Джеймс Олдридж - Мой брат Том
Том не заметил, кто это был, но почувствовал силу удара и еще под водой подхватил отяжелевшее тело и поволок. Пегги хорошо плавала, но удар оглушил ее. Вытащенная Томом на скользкий островок, она лежала на спине и не шевелилась. Мы все вылезли из воды и столпились вокруг. Том, наклонясь, отводил намокшие рыжие волосы с бледного лба в веснушках, и я хорошо видел, какое у него лицо и какое лицо у нее. Постепенно ее взгляд прояснился и, прояснившись, упал на Тома. И Том, взволнованный, растерявшийся, с внезапной тревогой в сердце ответил на этот удивленный взгляд, и я понял, что его беспокойство о ней встретилось с ее неожиданным прозрением, открывшим ей Тома, которого она не знала, — доброго, честного юношу с чуть угловатой, но неподкупной душой, — а может быть, и еще что-то в нем открывшим, неведомое даже мне, и в этой встрече они по-новому увидели друг друга.
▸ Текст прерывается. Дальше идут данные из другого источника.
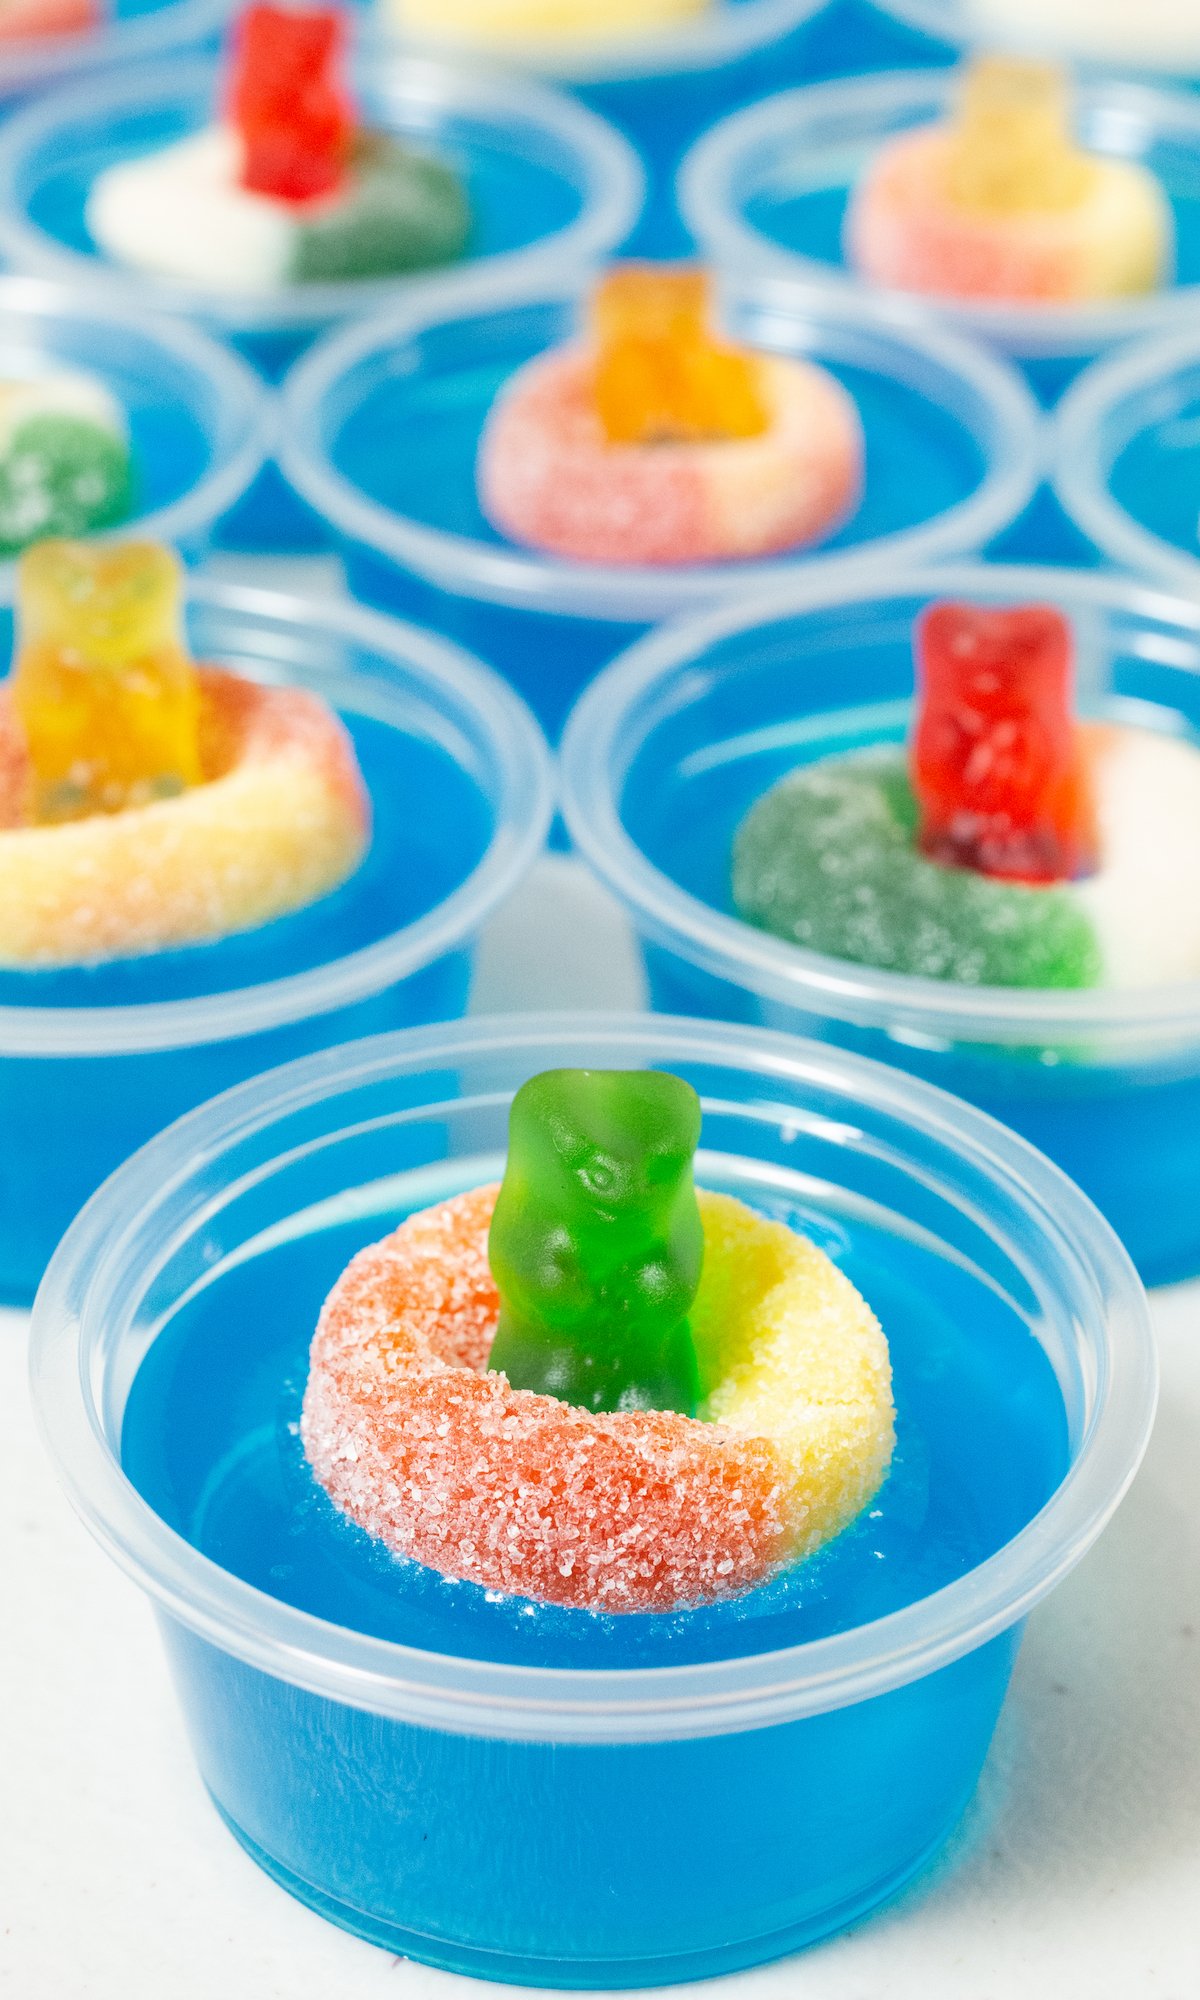 9 2oz plastic containers filled with bright blue jello topped with a candy gummy bear and gummy ring.

— Тебе плохо? — спросил он.
— Нет, — отрывисто бросила она и приподнялась. — Пусти, дай мне встать.
Напряжение разрядилось. Но тут же возникло новое: наши противники стали утверждать, что Том толкнул Пегги нарочно. Том, взбешенный, одним движением сбросил троих в воду. Среди этих троих был и Финн, которого Том считал виновником всего происшедшего. Но остальные набросились на Тома и повалили его, а сами попрыгали в воду и поплыли вдогонку Пегги, которая уже плыла, не оглядываясь, к берегу и звала их за собой. На берегу все ребята католики выстроились в шеренгу и по знаку Финна запели свою оскорбительную пародию на «Трудитесь, ибо ночь близка…» А мы в ответ тянули на разные голоса: «Куда, ах куда девалось корыто Локки? Где, ах где теперь нам его искать?»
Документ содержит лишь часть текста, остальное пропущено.